- Leader: Sakwiba Sikota
- Founded: July 2006
- Ideology: Liberalism

= United Liberal Party (Zambia) =

Political party in Zambia

The United Liberal Party (ULP) is a political party in Zambia.

==History==

The ULP was formed in July 2006 by Sakwiba Sikota (who was the Livingstone MP) after he lost the United Party for National Development (UPND) leadership contest in the aftermath of the death of the UPND founder, Anderson Mazoka. The ULP did not nominate a presidential candidate for the September 2006 general election, with the party president, Sikota, opting to retain his seat as the member of parliament for Livingstone. At this election, Sikota was re-elected as the Livingstone MP and the party received 2.4% of the National Assembly vote, winning three seats in parliament, with the other two seats being Lukulu West and Lukulu East.

The party supported the Movement for Multi-Party Democracy's Rupiah Banda in the 2008 presidential by-election and 2011 general election, even though he was unpopular. At the 2011 election, the ULP did not win any seats in the National Assembly after receiving just 131 votes.

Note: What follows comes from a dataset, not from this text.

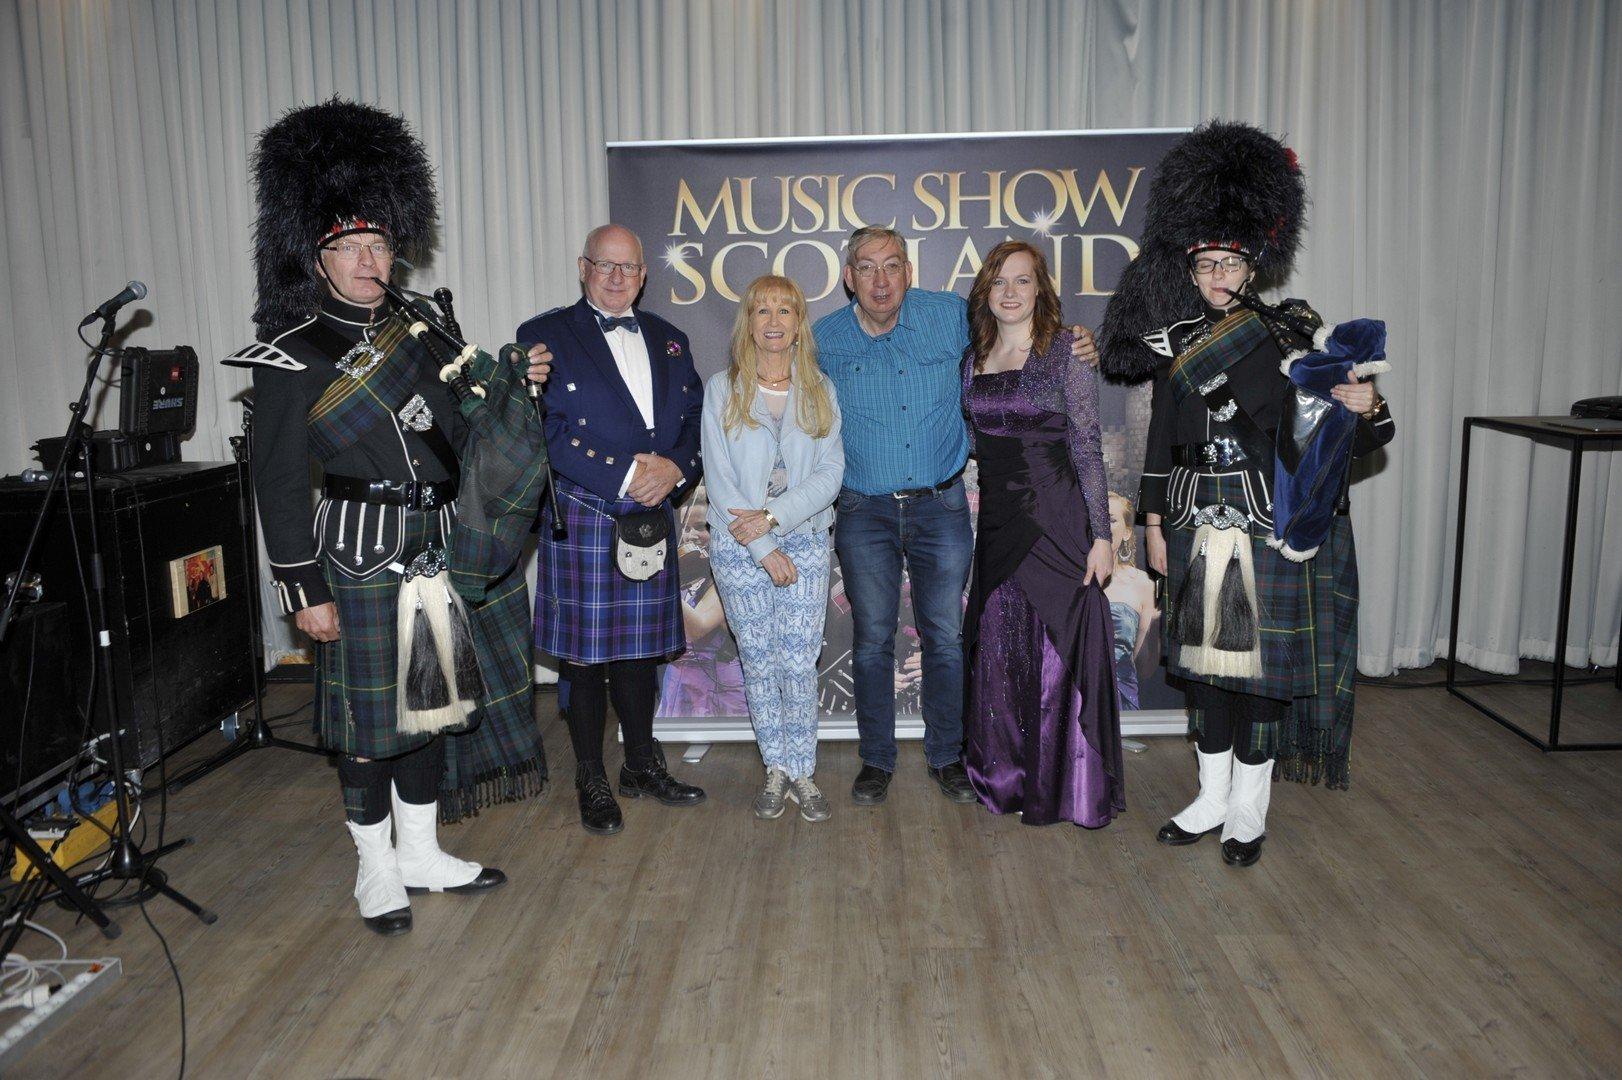 Micha Marah warmt op voor Music Show Scotland - Music Show Scoland met mezelf

In early 2024, the ULP joined the United Kwacha Alliance (UKA), an alliance of political parties, with party president Sakwiba Sikota appointed as the alliance chairperson. In December 2025, the ULP was one of the parties that founded the We are One Zambia Alliance (WOZA), also an alliance of political parties, with Sikota as the alliance chairperson. On 4 May 2026, WOZA merged into the Tonse Alliance.

== Ideologies ==
On 6 June 2012, the ULP signed onto a letter titled “Open Letter to International Donor Community to Zambia,” which argues that the sitting president at the time, President Michael Sata and the Patriotic Front caused Zambia to enter a crisis severe enough for the donor community to distrust the government’s ability to manage funds caused by nepotism. By co-signing on this letter, the ULP took a stance against corrupt policies enforced by Sata. For example, Sata often hired his relatives for positions of power, such as appointing his nephew, Alexander Chikwanda, as the minister of finance, and his other nephew, Miles Sampa, as the Deputy Minister of Finance. In addition, they have beliefs rooted in the importance of maintaining the integrity of Zambia’s checks and balances system, as the address that they co-signed expresses concern about how Sata had weakened the legislative branch. Sakwiba Sikota was the representative of the ULP that signed onto the letter.